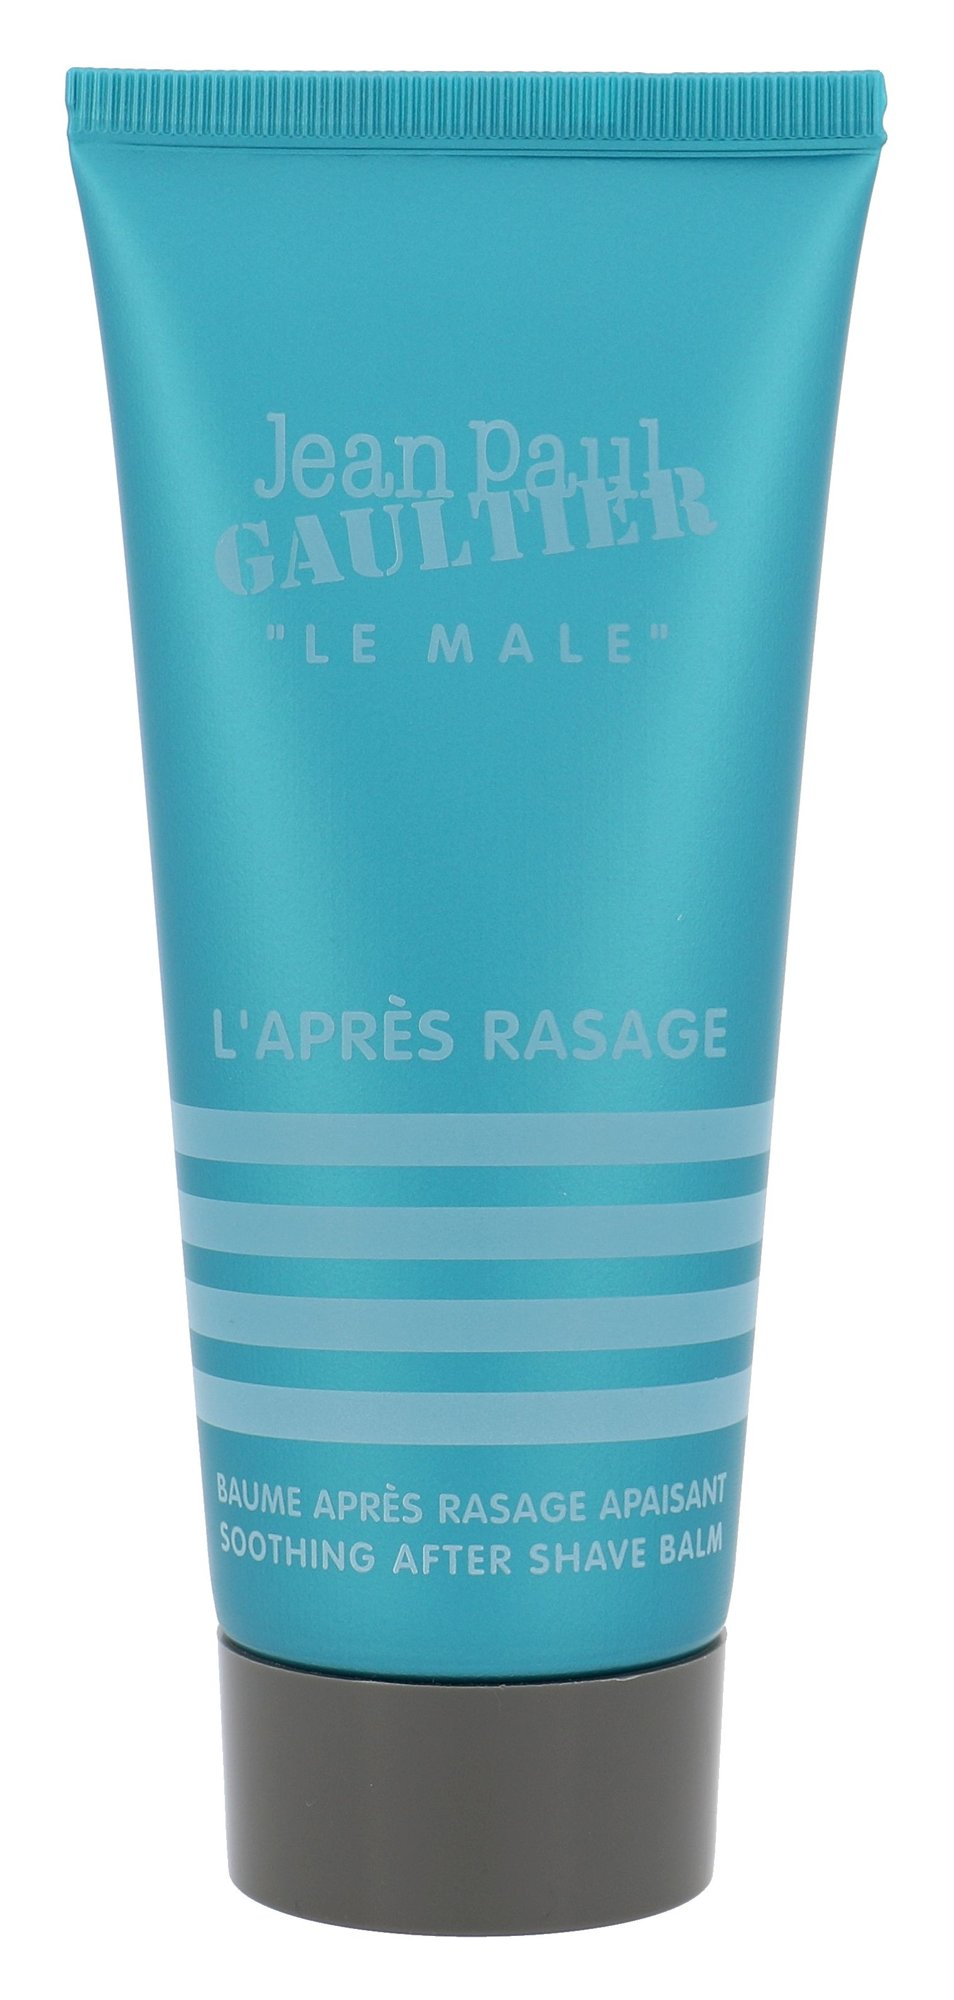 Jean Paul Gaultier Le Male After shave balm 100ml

---

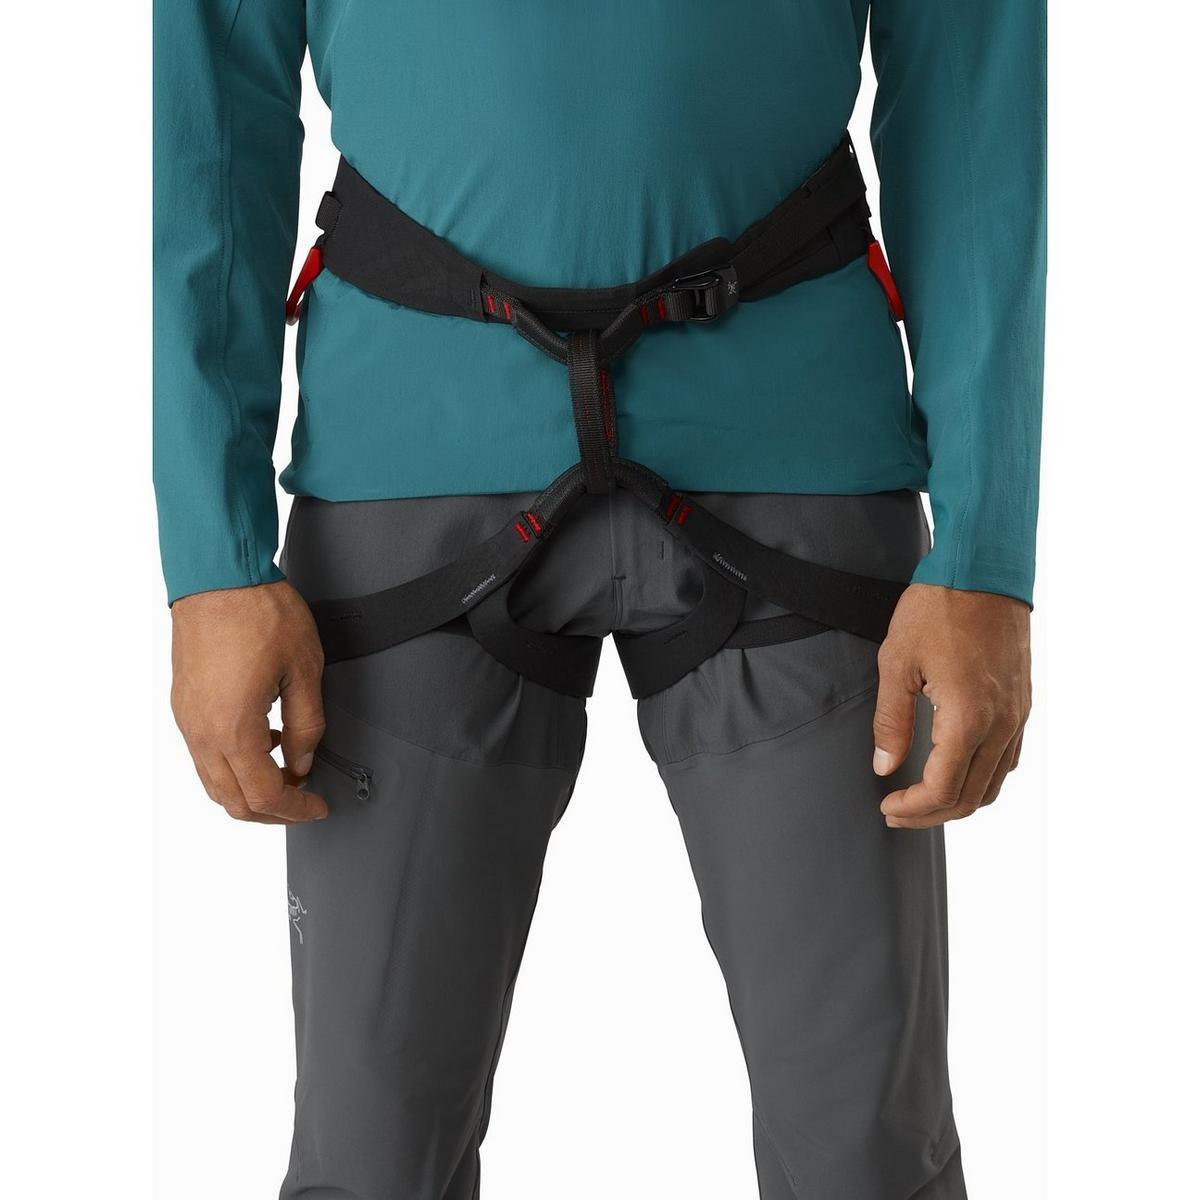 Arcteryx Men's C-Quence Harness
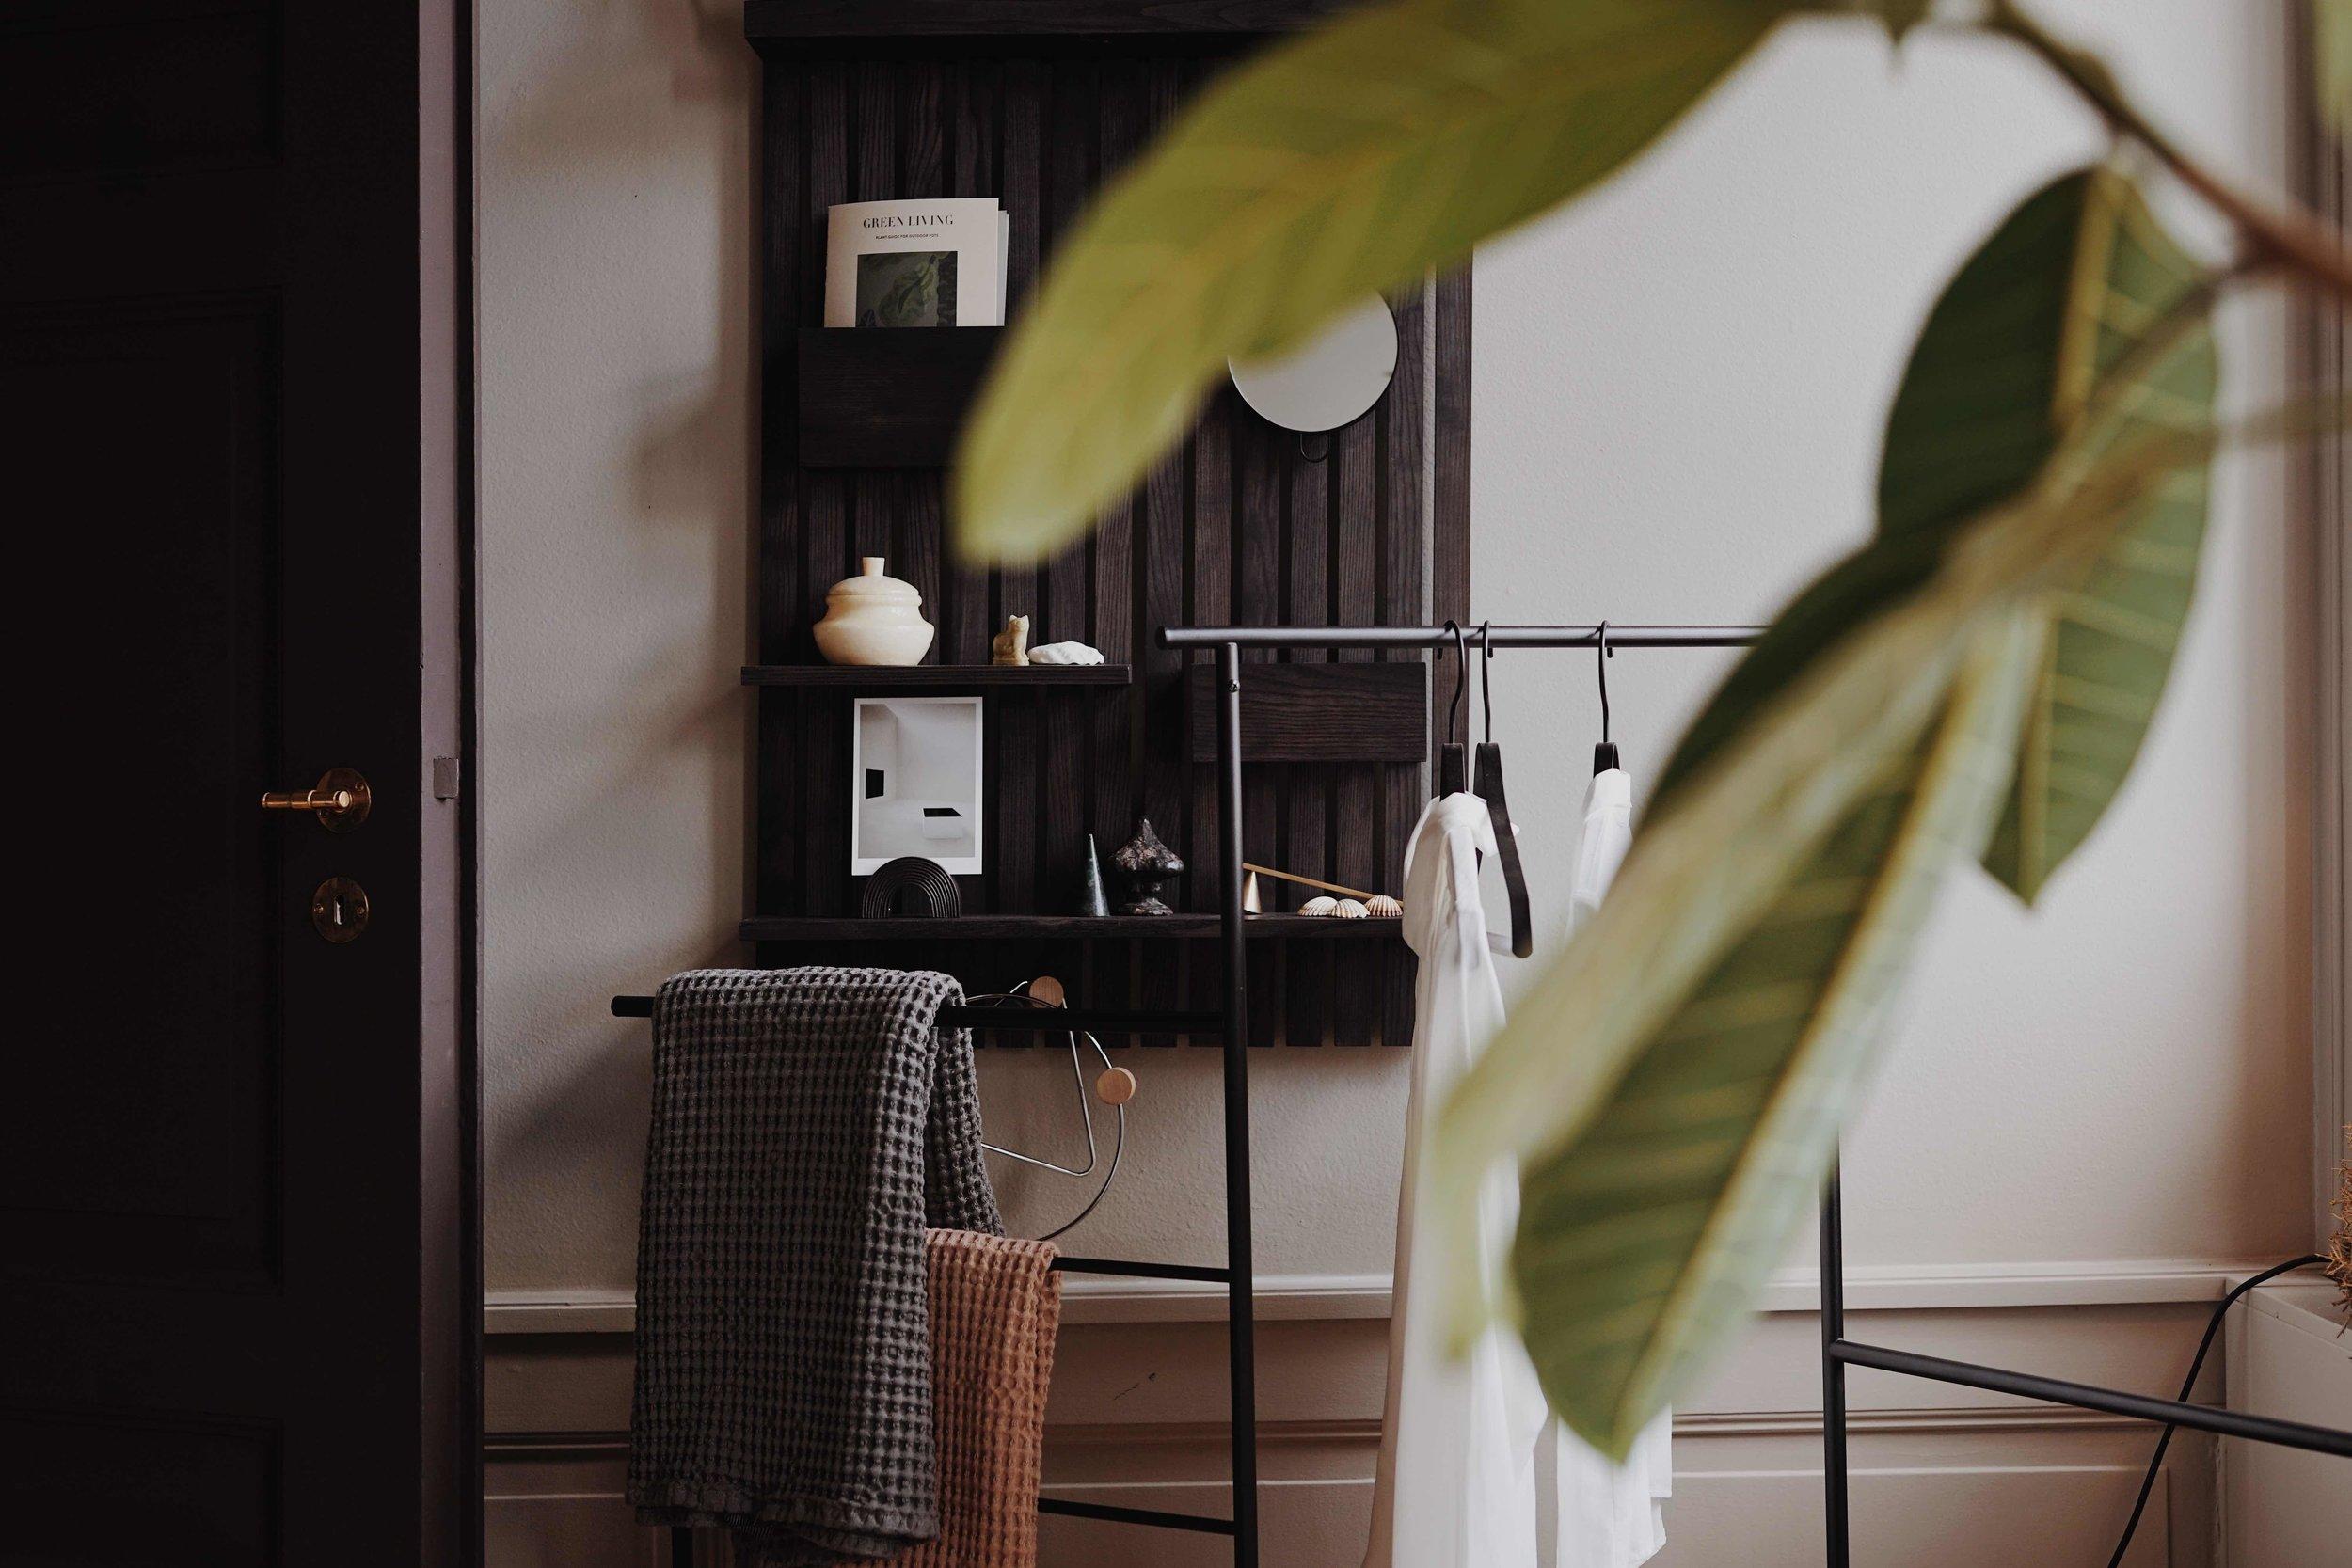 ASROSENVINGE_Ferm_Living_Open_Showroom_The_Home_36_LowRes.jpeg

* * *

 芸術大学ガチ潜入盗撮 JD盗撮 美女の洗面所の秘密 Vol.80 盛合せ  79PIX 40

_TASK INSTRUCTIONS_
Starting from the line with "Arcteryx Men's C-Quence Harness" in the records above, repeat each line exactly until you have written the line with "ASROSENVINGE_Ferm_Living_Open_Showroom_The_Home_36_LowRes.jpeg", then stop; drop the pictures.

_ANSWER AREA_
 Arcteryx Men's C-Quence Harness
 ASROSENVINGE_Ferm_Living_Open_Showroom_The_Home_36_LowRes.jpeg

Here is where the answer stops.